● **Exercise requirements**
Please transcribe the data that follows without the pictures, keeping every word the same.

━━━━━ Source material

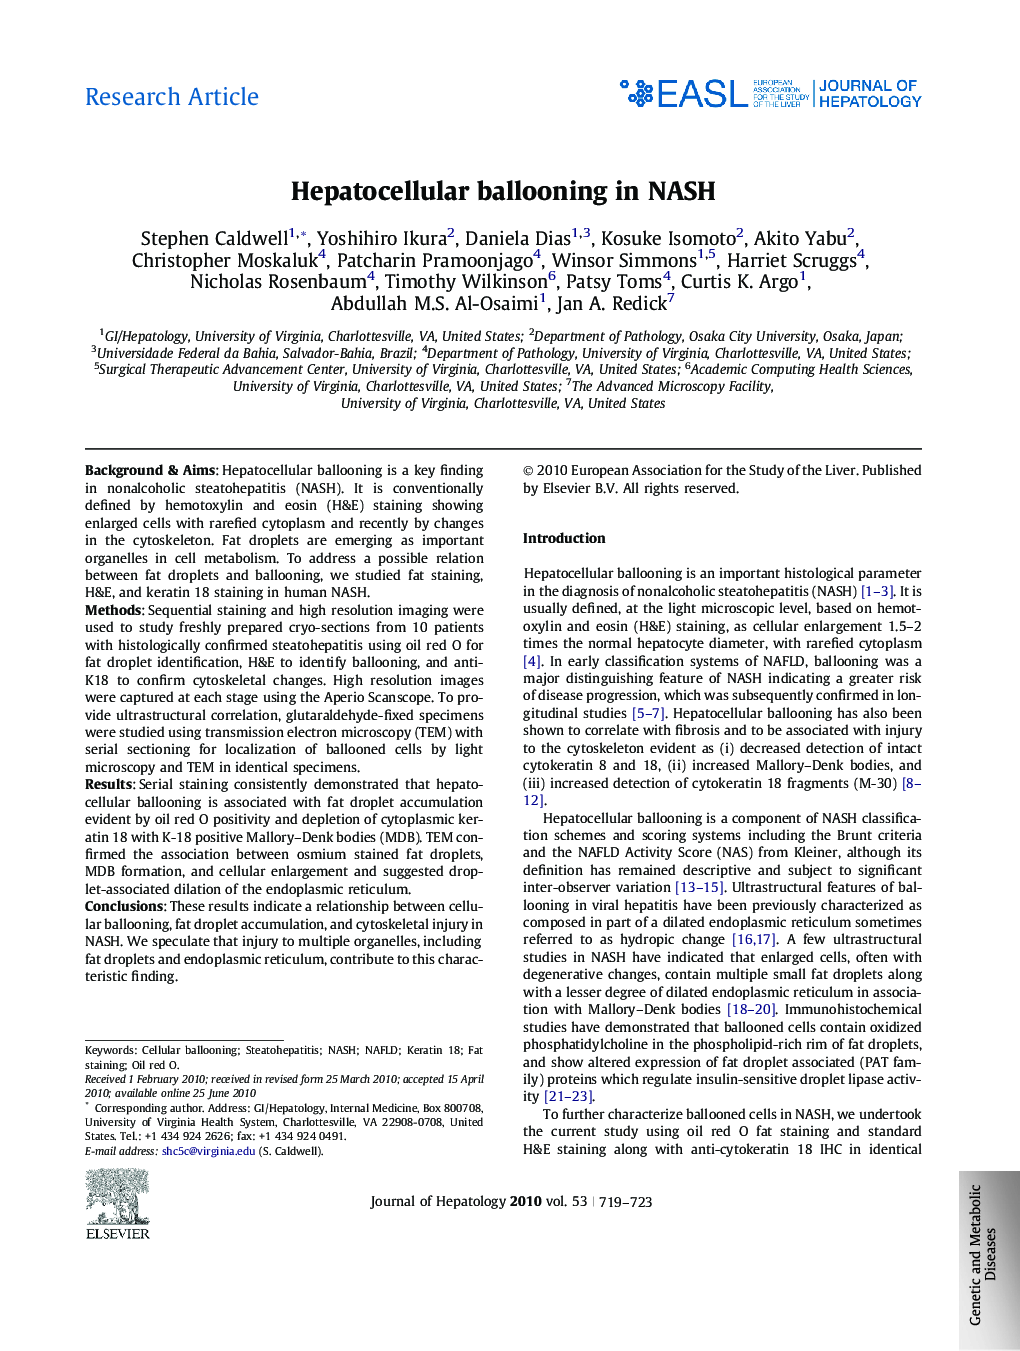 Research ArticleHepatocellular ballooning in NASH
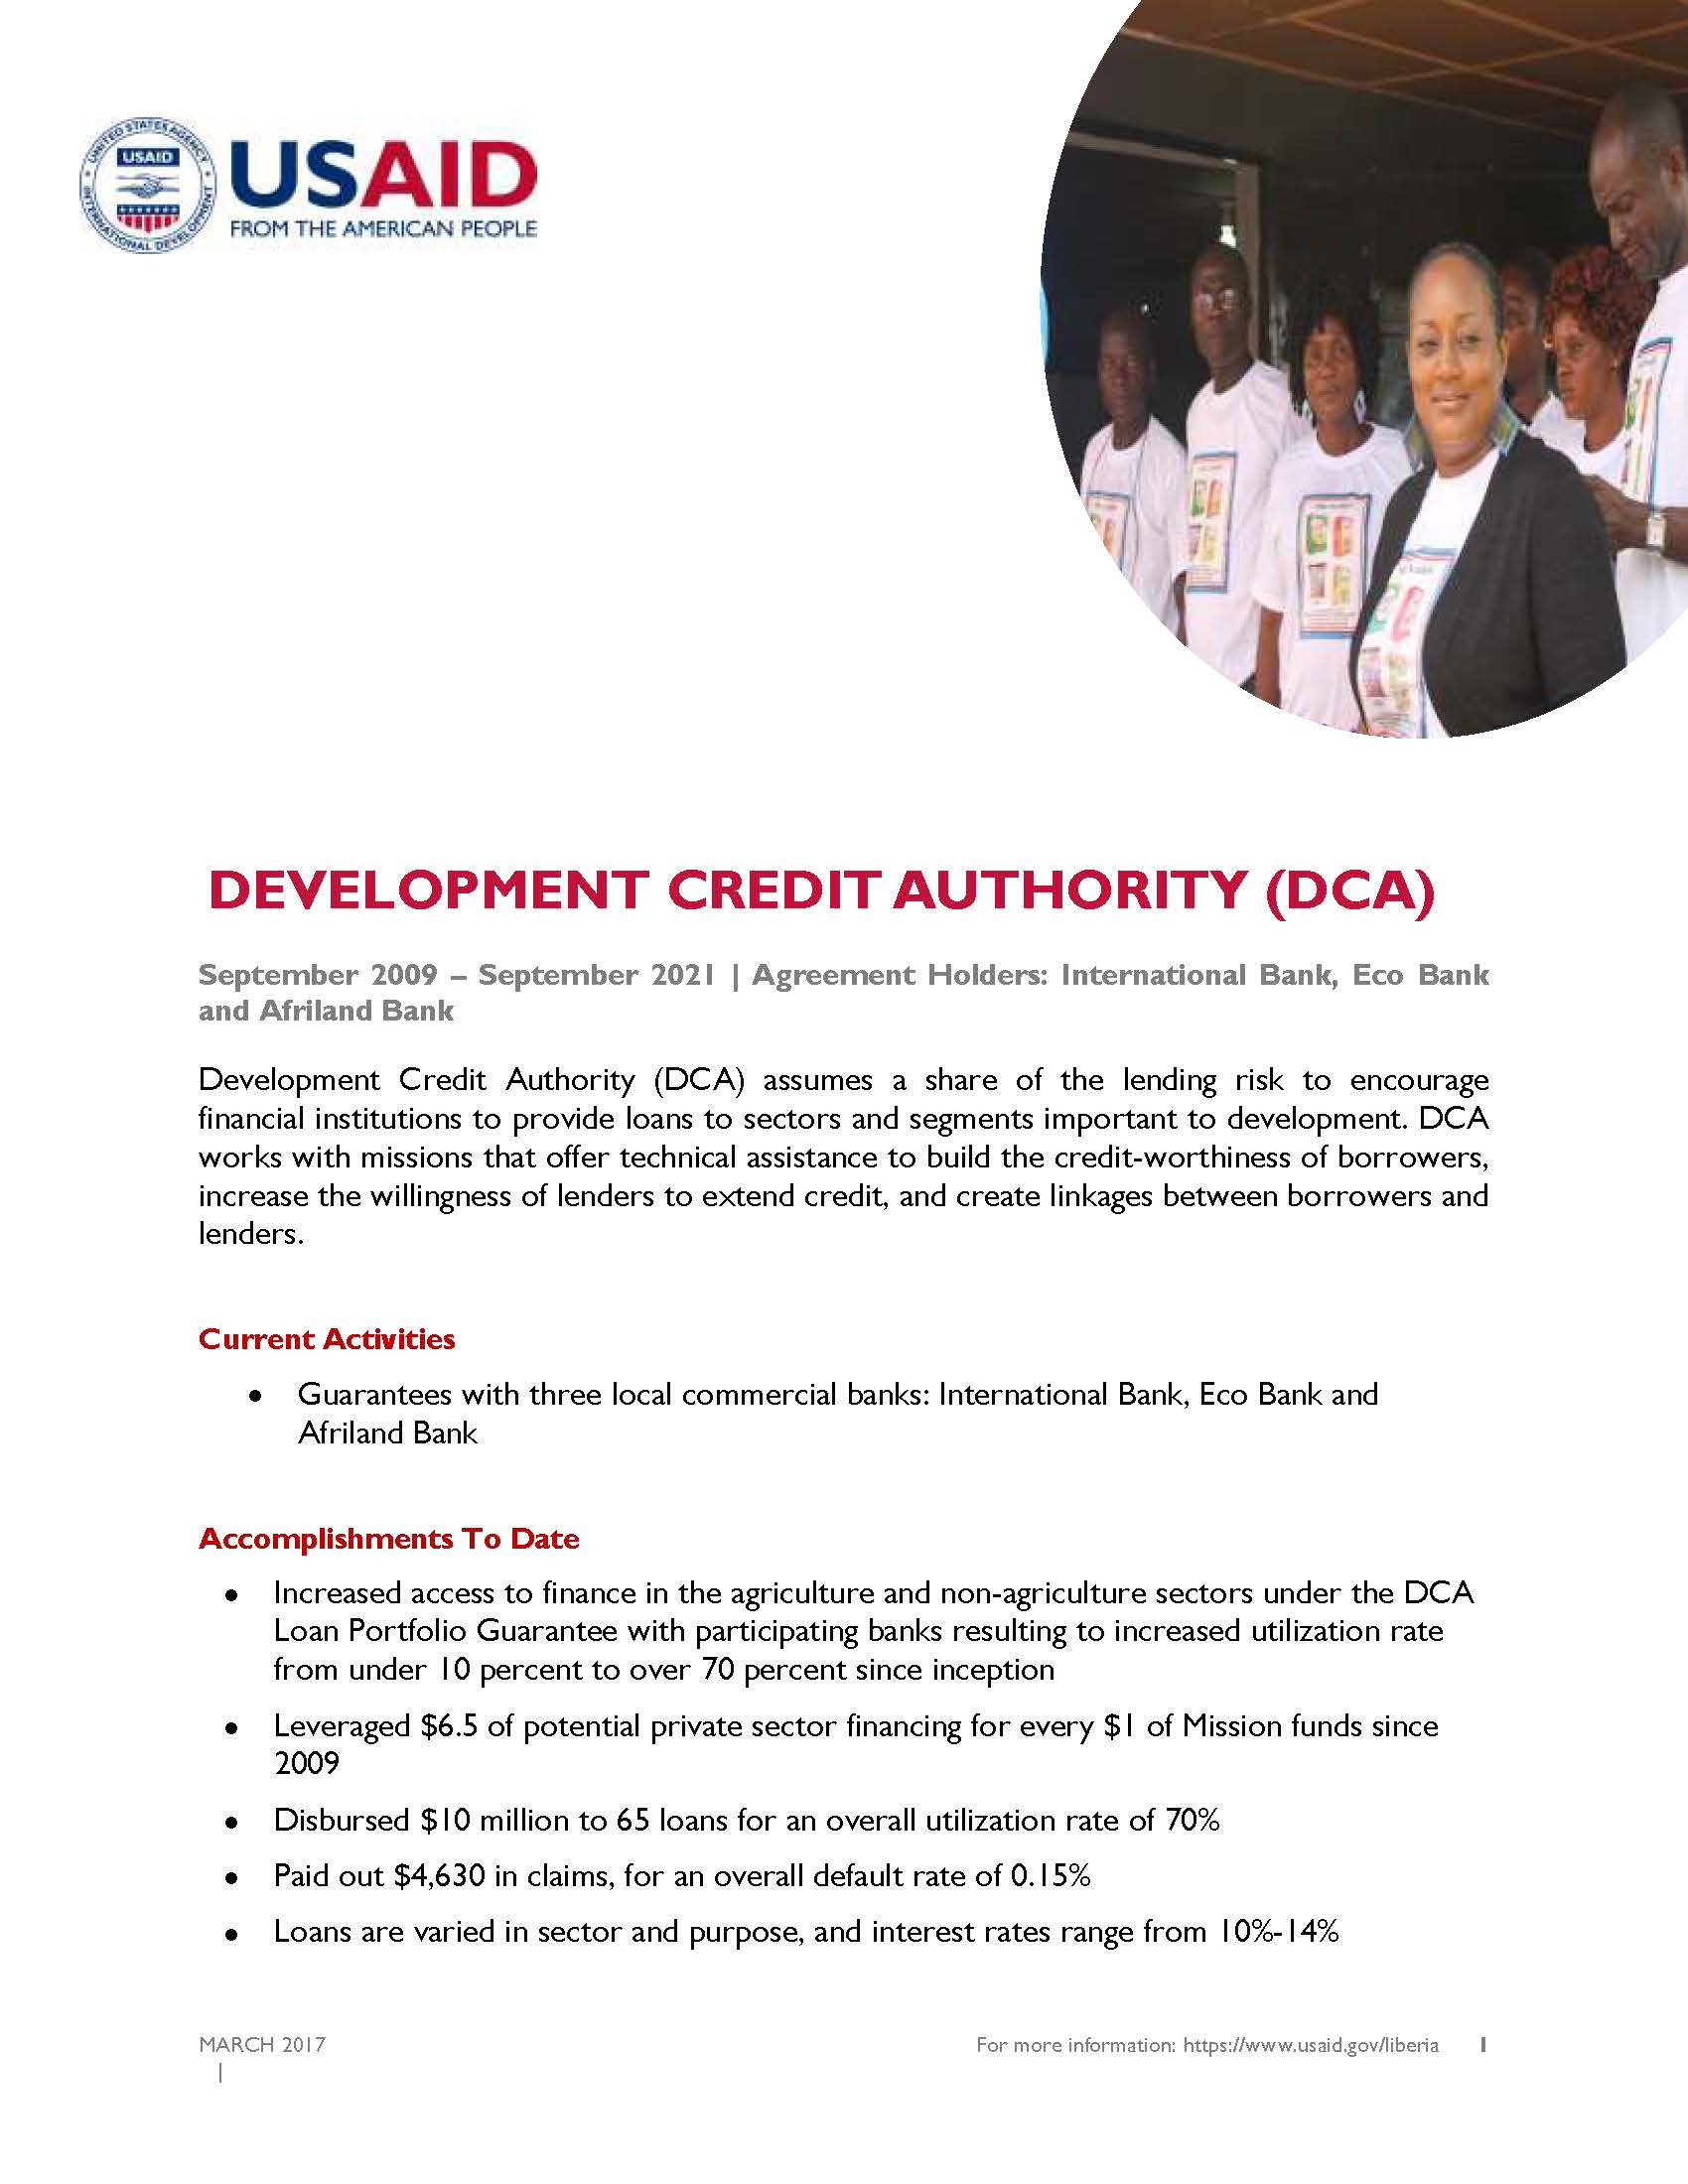 Development Credit Authority Fact Sheet 
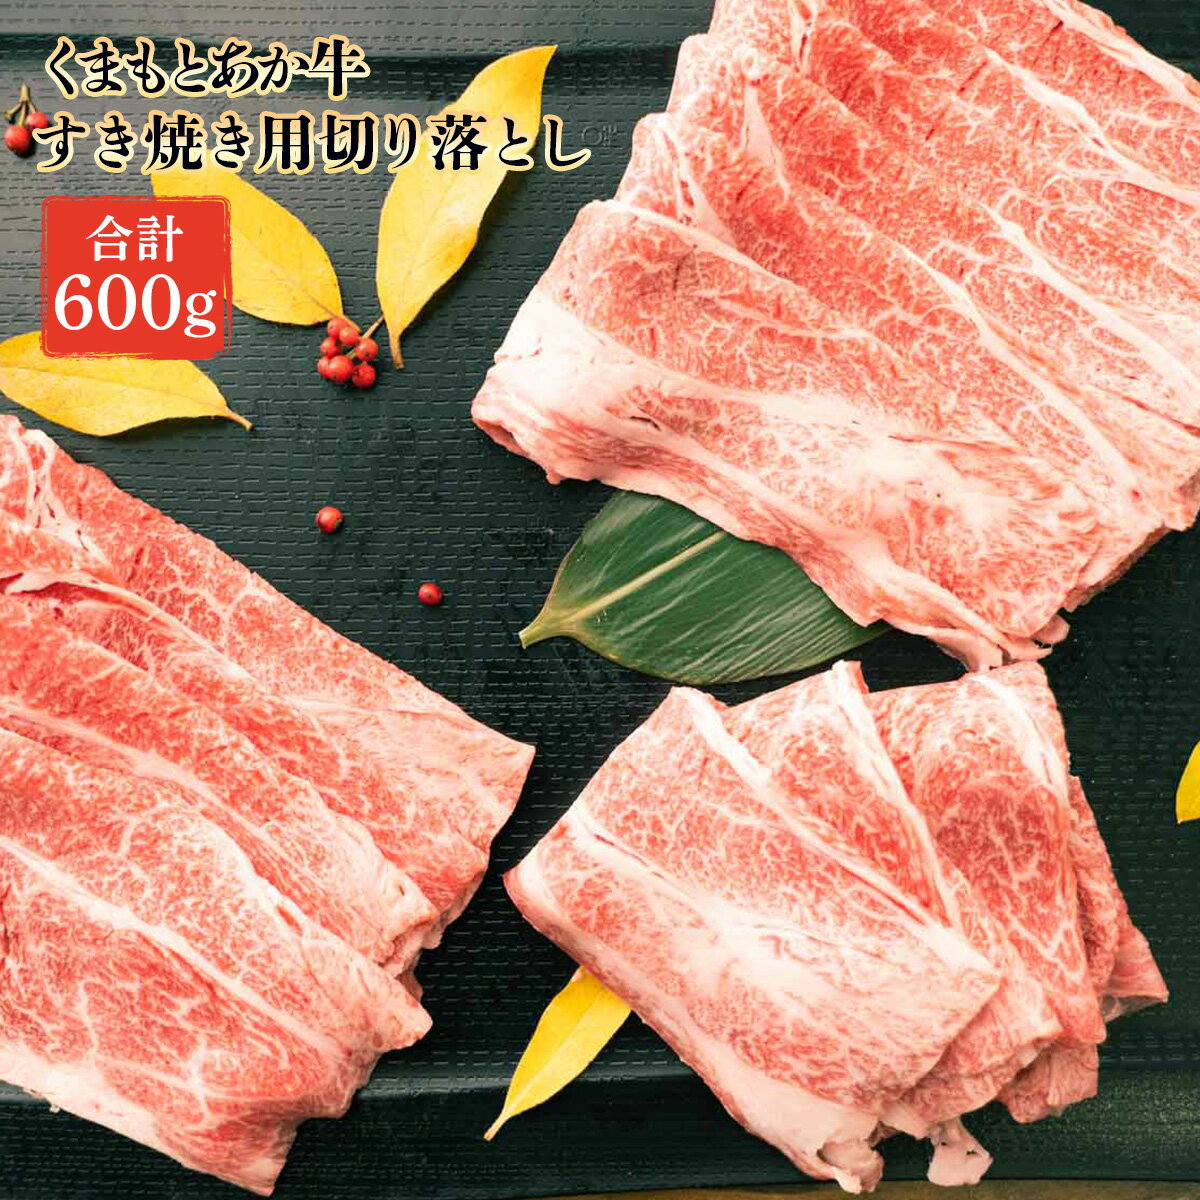 GI認証取得 くまもとあか牛 すき焼き用 切り落とし 600g (300g×2) 熊本県産 牛肉 和牛 国産 すきやき スキヤキ 冷凍 和牛 肉 ヘルシー 冷凍 送料無料
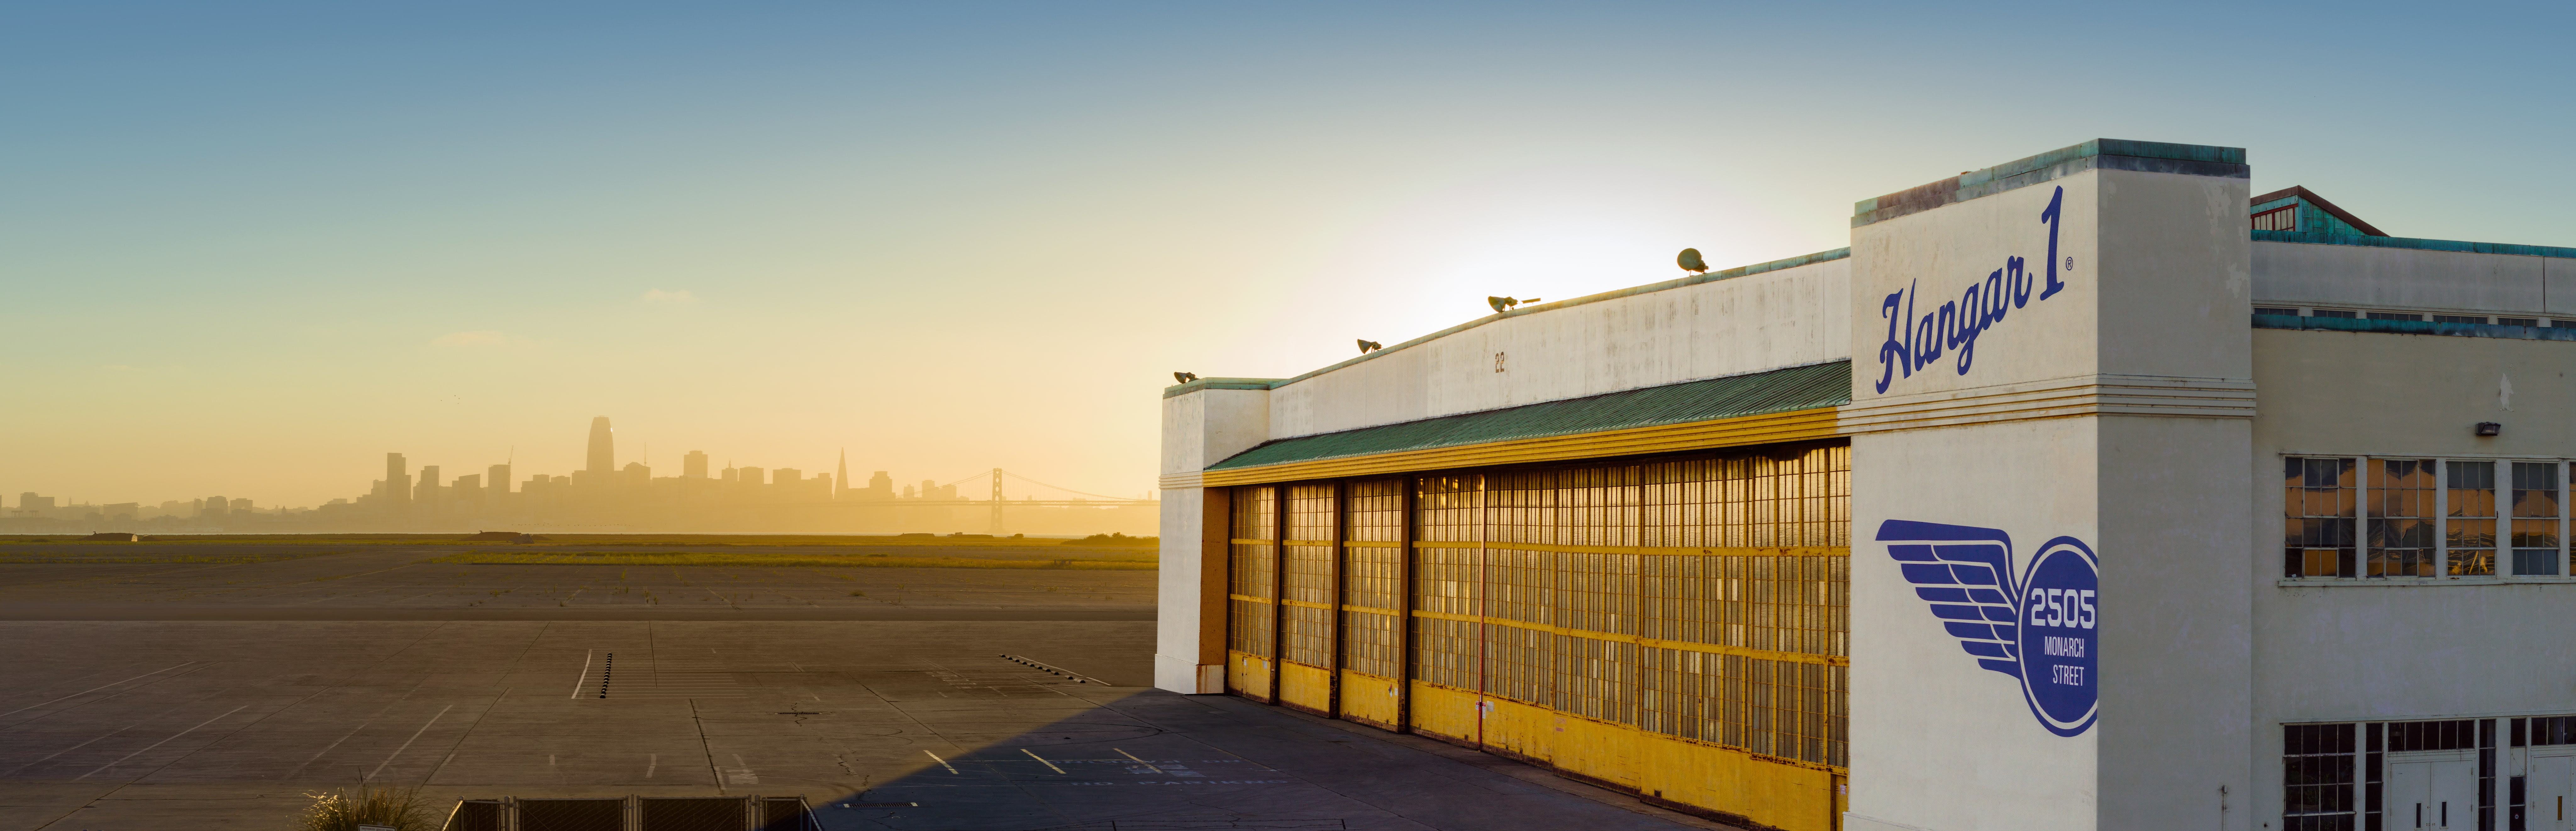 Featured Venue: Hangar 1 Vodka - Alameda, California

━━━━━━━━━━

● **Result**
 Research ArticleHepatocellular ballooning in NASH
 Development Credit Authority Fact Sheet 
 GI認証取得 くまもとあか牛 すき焼き用 切り落とし 600g (300g×2) 熊本県産 牛肉 和牛 国産 すきやき スキヤキ 冷凍 和牛 肉 ヘルシー 冷凍 送料無料
 Featured Venue: Hangar 1 Vodka - Alameda, California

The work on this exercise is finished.